**COLLECTED DATA**
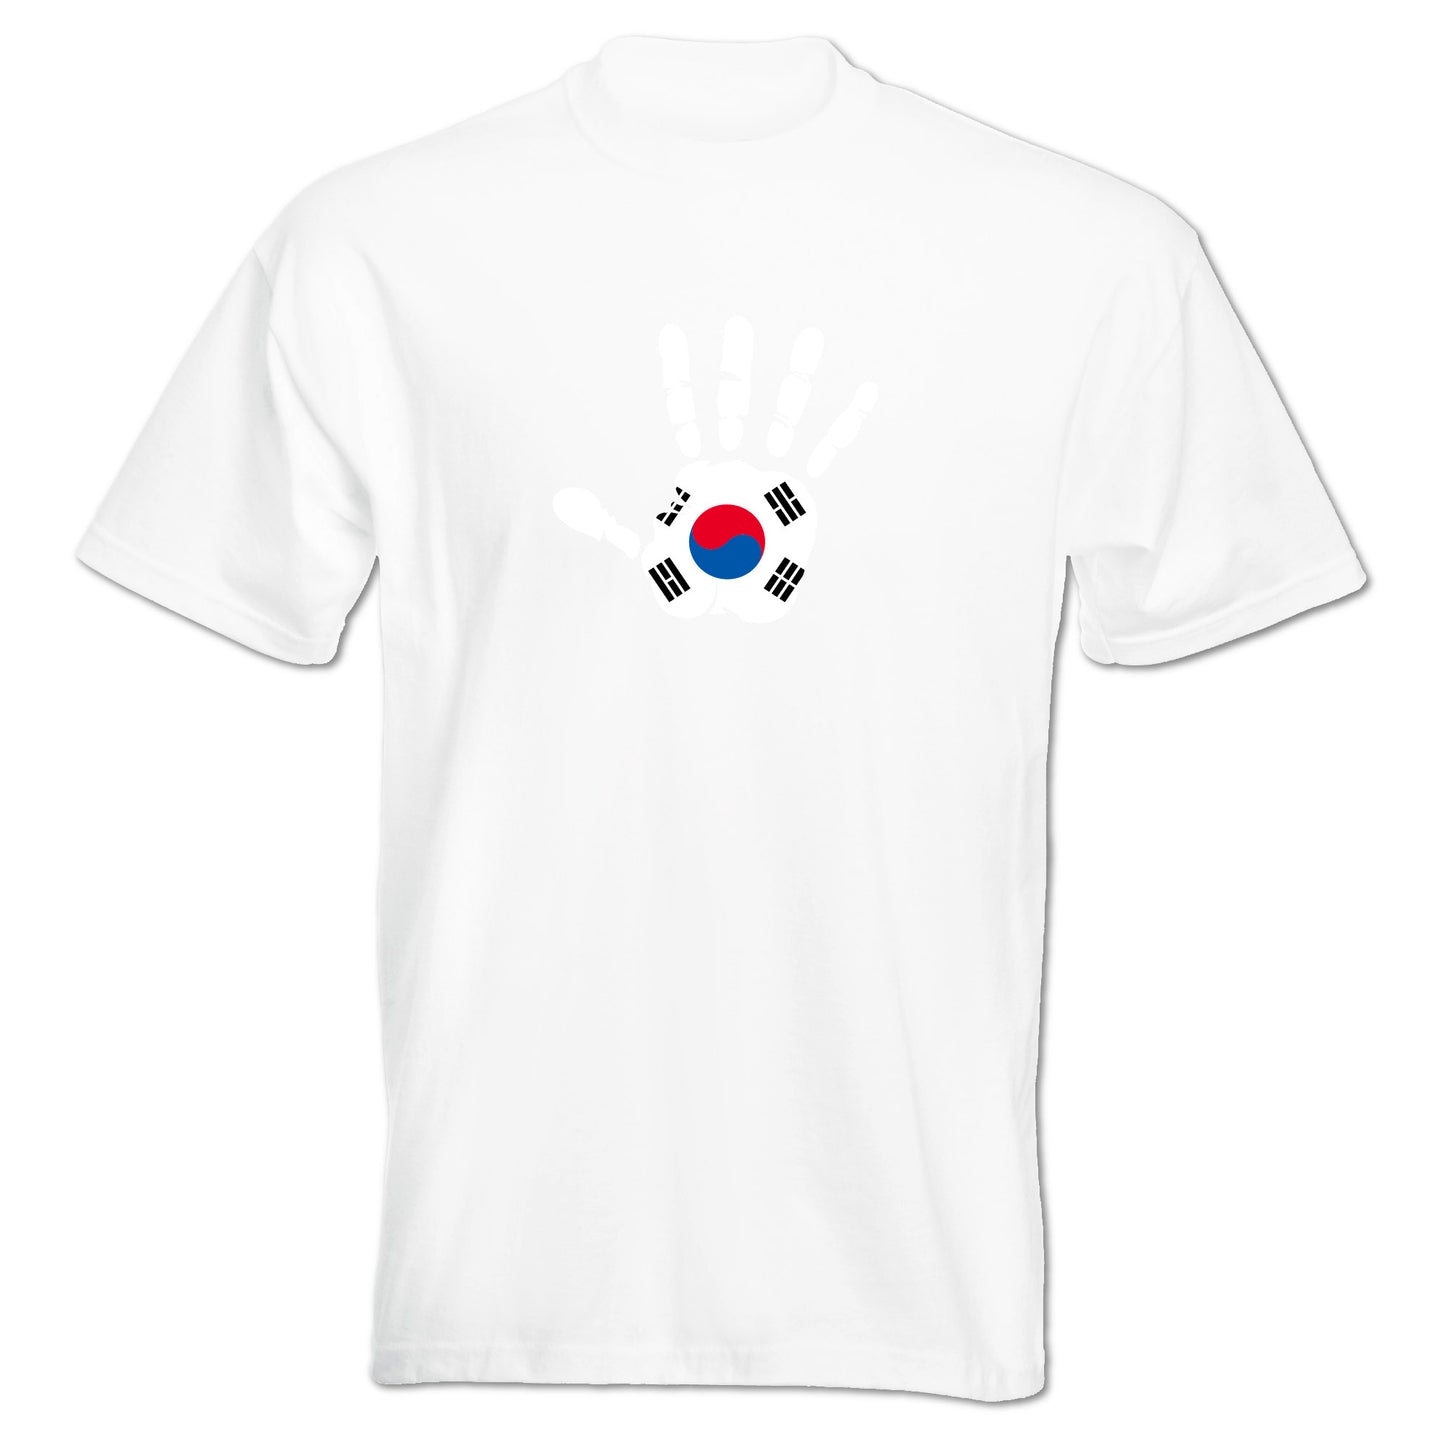 INDIGOS UG - T-Shirt Herren - Südkorea - Hand - Fussball
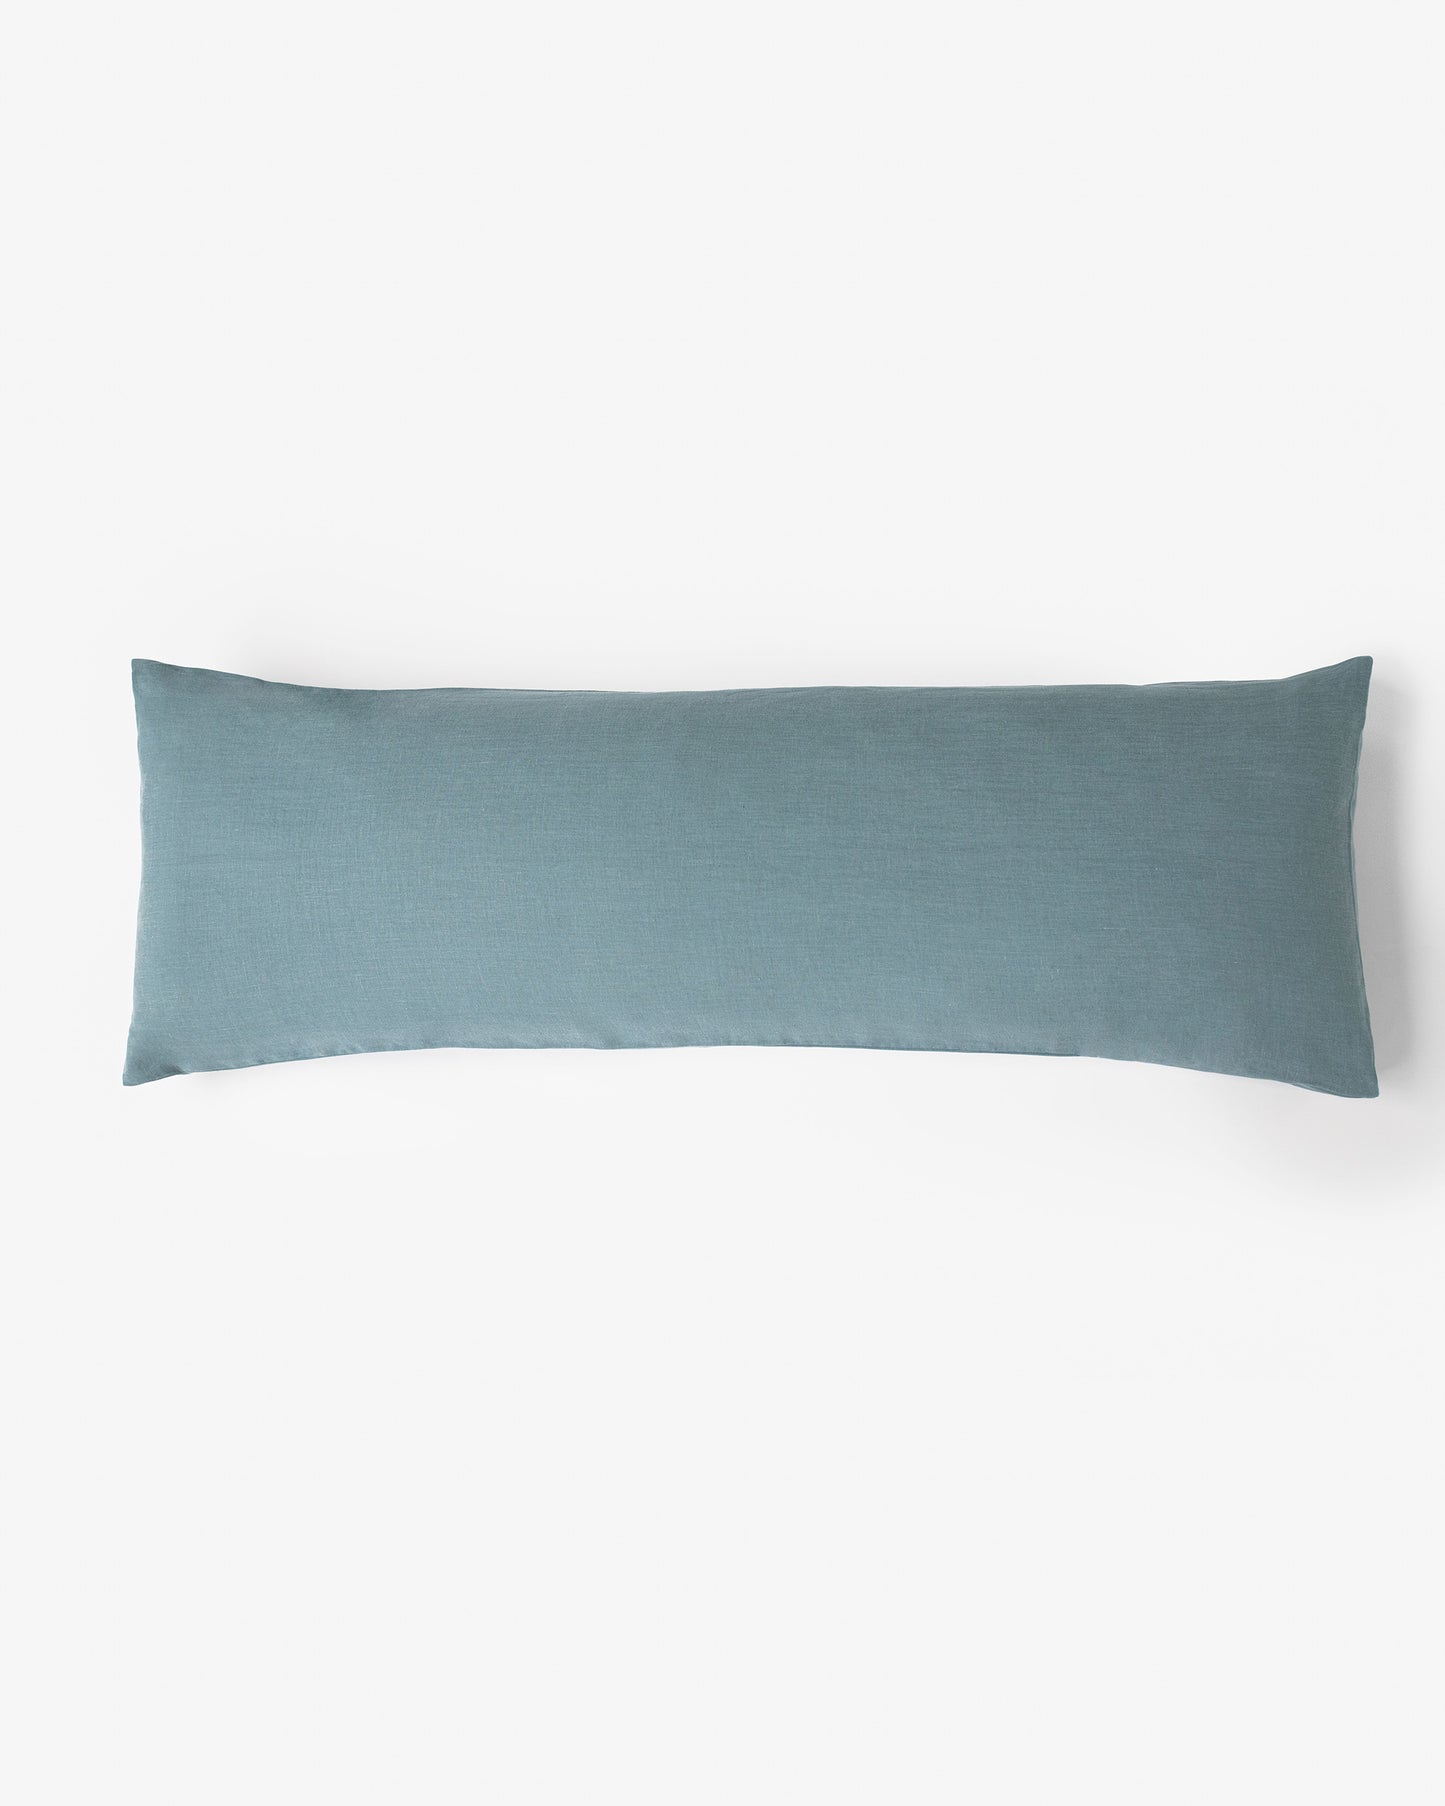 Body pillowcase in Gray blue - MagicLinen
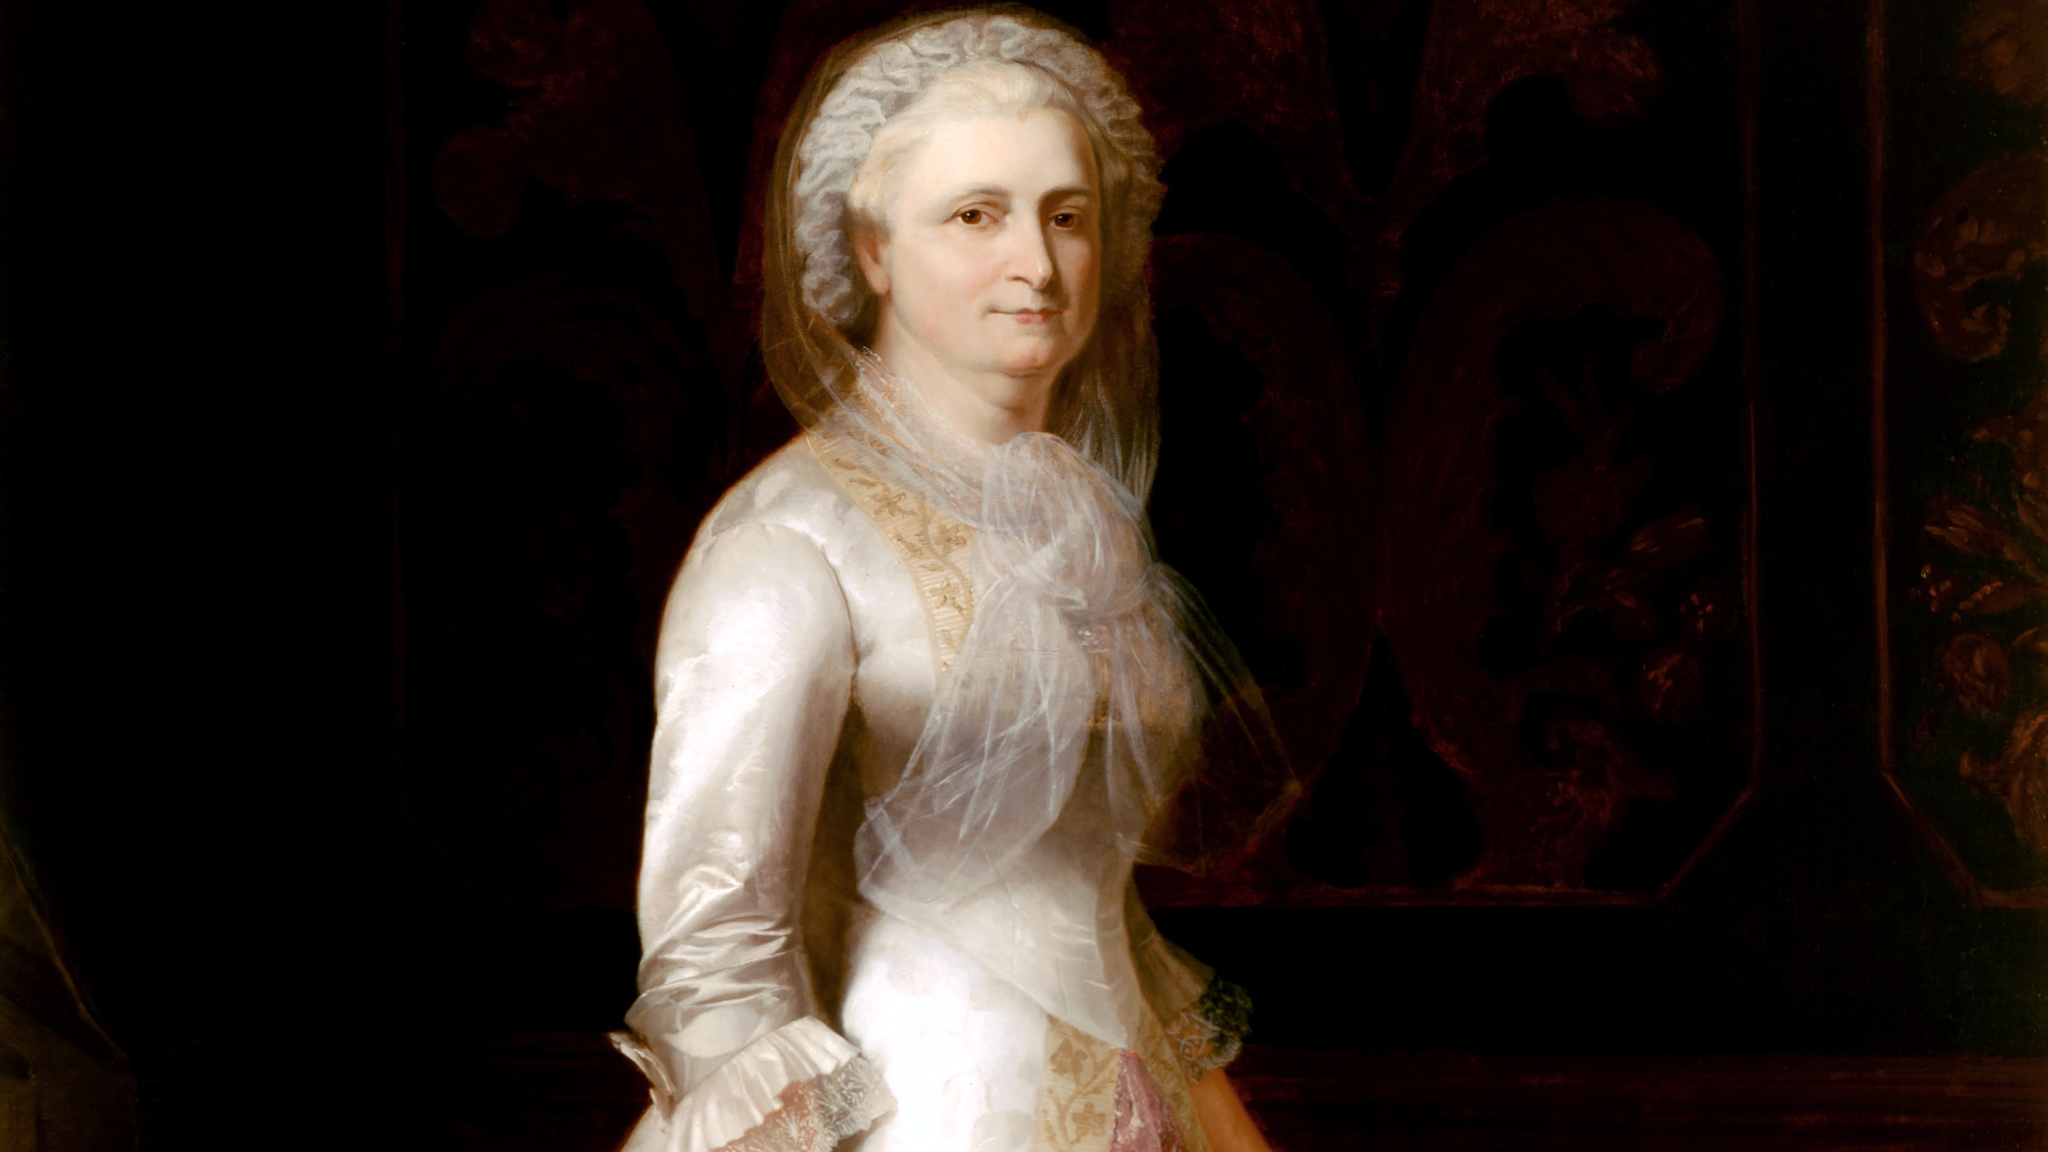 Read More: Martha Washington Was the Ultimate Military Spouse

**WHAT THE TASK REQUIRES**
The expected answer is the lines from the one that has "Body pillowcase in Gray blue - MagicLinen" to the end of the listing, transcribed exactly, with pictures left out and no other line added.

**ANSWER TO THE PROBLEM**
 Body pillowcase in Gray blue - MagicLinen
 Read More: Martha Washington Was the Ultimate Military Spouse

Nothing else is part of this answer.